另外,避免大女妒忌妹妹,處理孩子的衝突時,除了要避免大女欺負妹妹外,有時妹妹欺負姊姊,您亦要處理得公平一點。

舉個例,如果妹妹搶姊姊的玩具,您便應該跟妹妹說明,搶走姊姊的東西是不能容許的行為,必須馬上停止,並要學習等待請示別人的許可 (我不知道妹妹多少歲。如果妹妹是3歲或以上的話,應該會聽得懂的......當然,聽不聽得進耳是另一個問題.....)。處理妹妹搶姊姊玩具的情況,我建議您可以跟妹妹約法三章,她若再搶姊姊的玩具,便一整天或數小時,都不能再碰這玩具,讓她學習承受後果。

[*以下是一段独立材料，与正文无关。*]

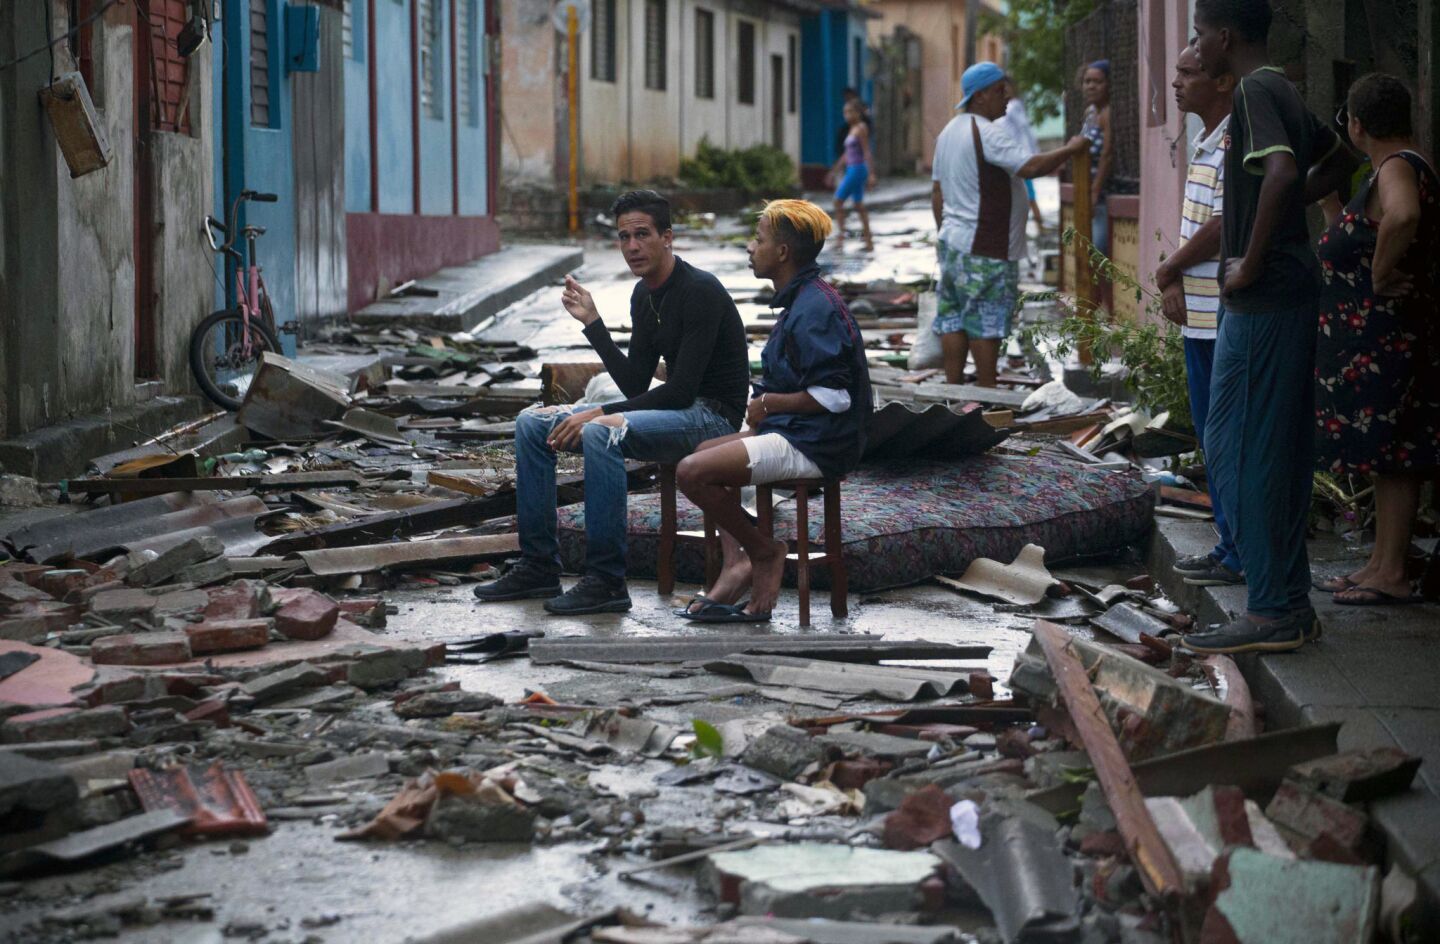 People sit amid debris left by Hurricane Matthew in Baracoa, Cuba. The hurricane rolled across the sparsely populated tip of Cuba overnight, destroying dozens of homes in Cuba's easternmost city and leaving hundreds of others damaged.

此外,也要跟姊姊解釋,無論任何原因,都不能讓妹妹隨意搶走她的玩具。即使姊姊覺得那些東西無關重要,但重點是「不問便搶」是不應該的,正確的做法是妹妹先要徵得她的同意後,才可以拿走她的東西。這樣可避免妹妹養成不問自取的壞習慣。若有天拿走的是姊姊認為很重要和珍貴的東西,就可能影響姊妹之間的感情。

希望以上例子,會對您有幫助吧。
非常多謝您們寶貴的意見,我想我會好好學習處理這種情況.Tks.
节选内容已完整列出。